I've switched to Trewax for its matte/satin sheen after oil/poly and I like it. It has carnuaba in it as one of the ingredients.


----------



## CaptainKlutz (Apr 23, 2014)

> are you saying you use Briwax as a base for adding colors?
> Jon
> - MrWolfe


Briwax comes in different colors.








.
Many uses. Adding color to cover scuffing. Avoiding typical white haze when using clear wax on surfaces with open pores that trap wax. Have used regular wood colors above like one uses liming wax for Ceruse technique, but in reverse. Sometimes also called wax glazing; where use dark color in pores of light wood for contrast. Not my favorite finish, but it offered the antique look the customer wanted on oak.
In my research, learned can melt clear wax and add color with oil based artist colors since they paste wax is in a petroleum based solvent carrier. Never tried it. Can't find the link right now, probably buried behind FWW pay wall? Remember seeing weird color combinations like green wood pores and red dyed wood?

YMMV


----------



## JackDuren (Oct 10, 2015)

I've used Johnsons on tools and furniture after the guy training me put it on a solid oak entertainment center in the 80's and saw a noticeable difference and was 100% satisfied.

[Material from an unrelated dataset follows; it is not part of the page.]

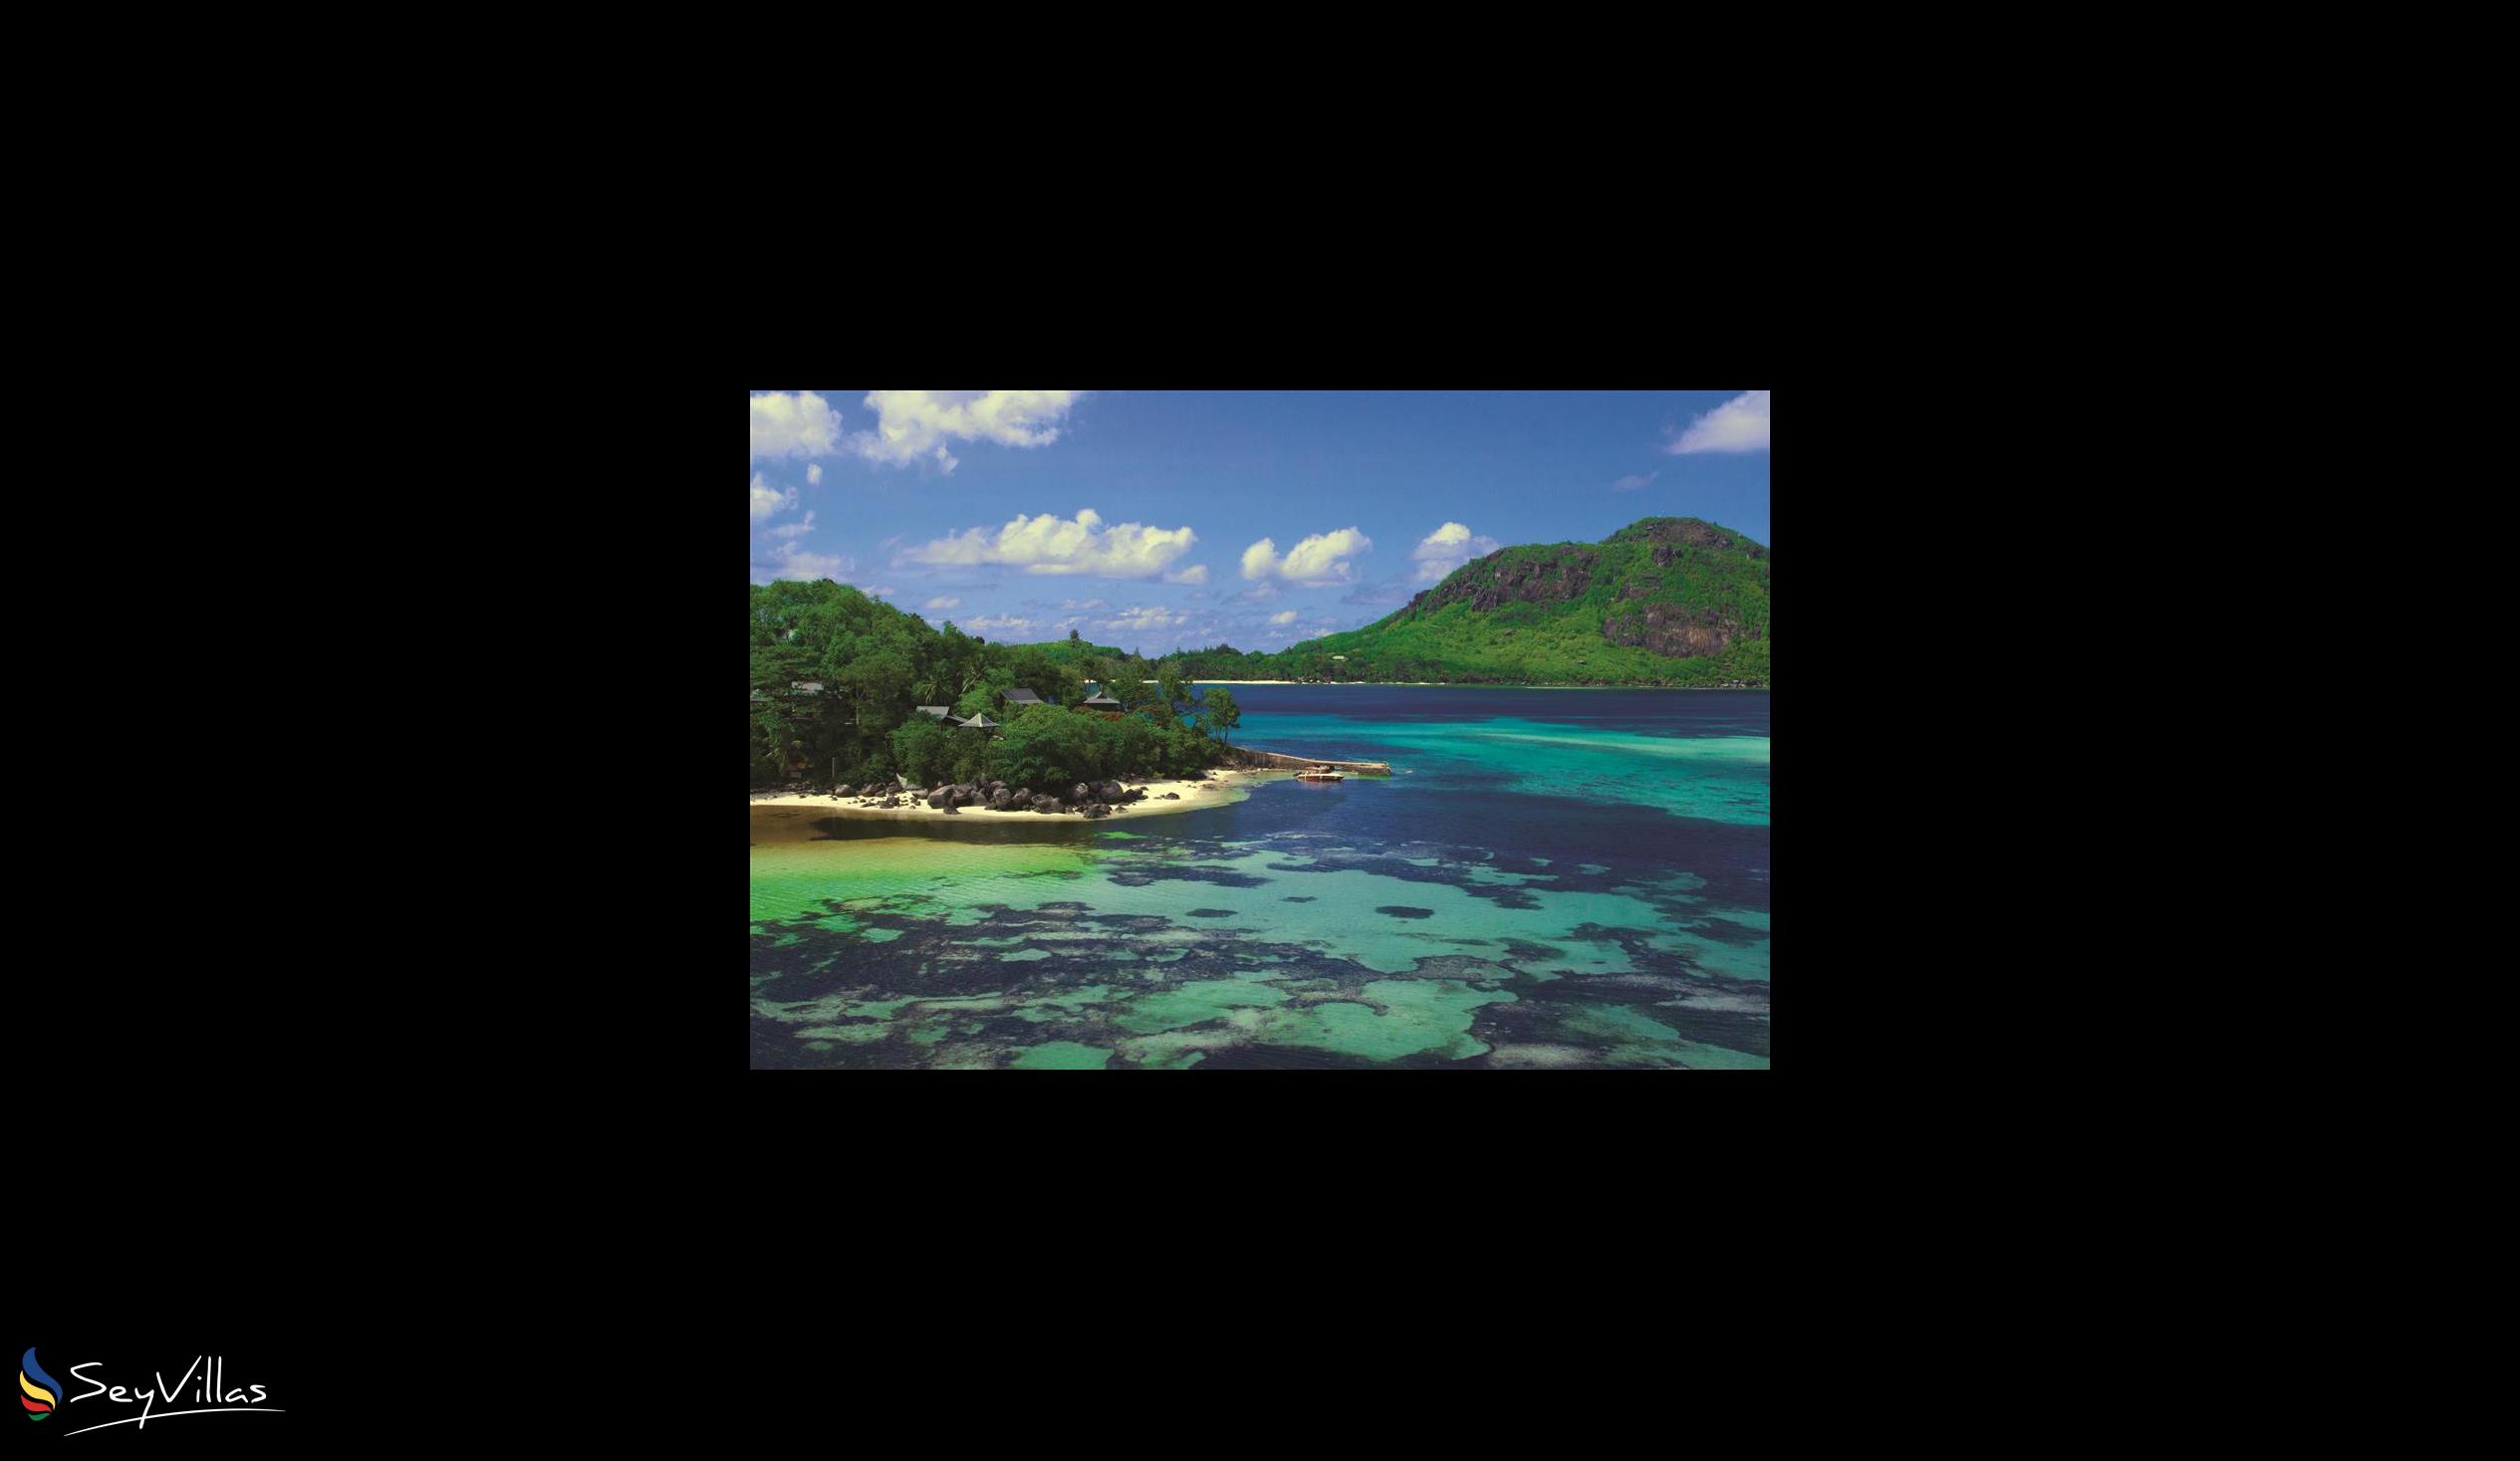 Photo 50: JA Enchanted Island Resort - Location - Round Island (Seychelles)
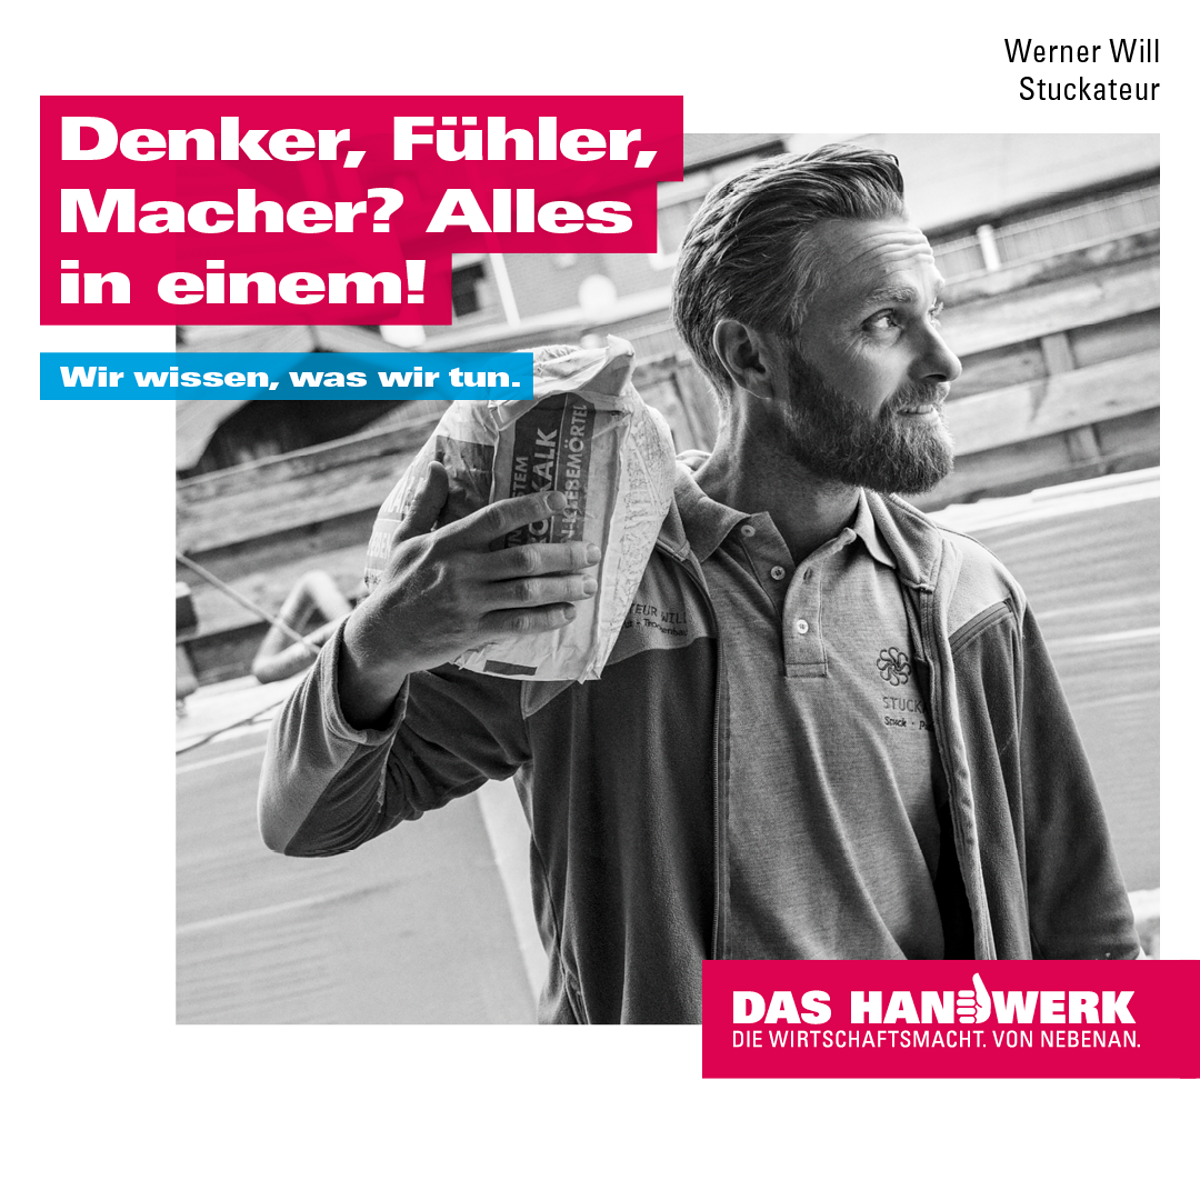 Kampagnenbotschafter Werner Will

Still use it today with no complaints


----------



## MrWolfe (Jan 23, 2018)

Thank you CaptainKlutz


----------



## Axis39 (Jul 3, 2019)

I like Briwax a lot. But, it does not get quite as shiny as some others.

I use a lot of Bowling Alley Wax. It used to be Johnsons, but Home Depot carries a different brand now. It works just as well as the Johnson's. Shines nice, is pretty sturdy when buffed out.

I also have a few colored Briwaxes and this is what I use them for, adding a little color, maybe a touch of 'aging' to carvings, etc.

I use wax a lot as my final polishing step before delivery furniture or boxes. My wife gets me to polish up our furniture maybe once every year and a half or two.


----------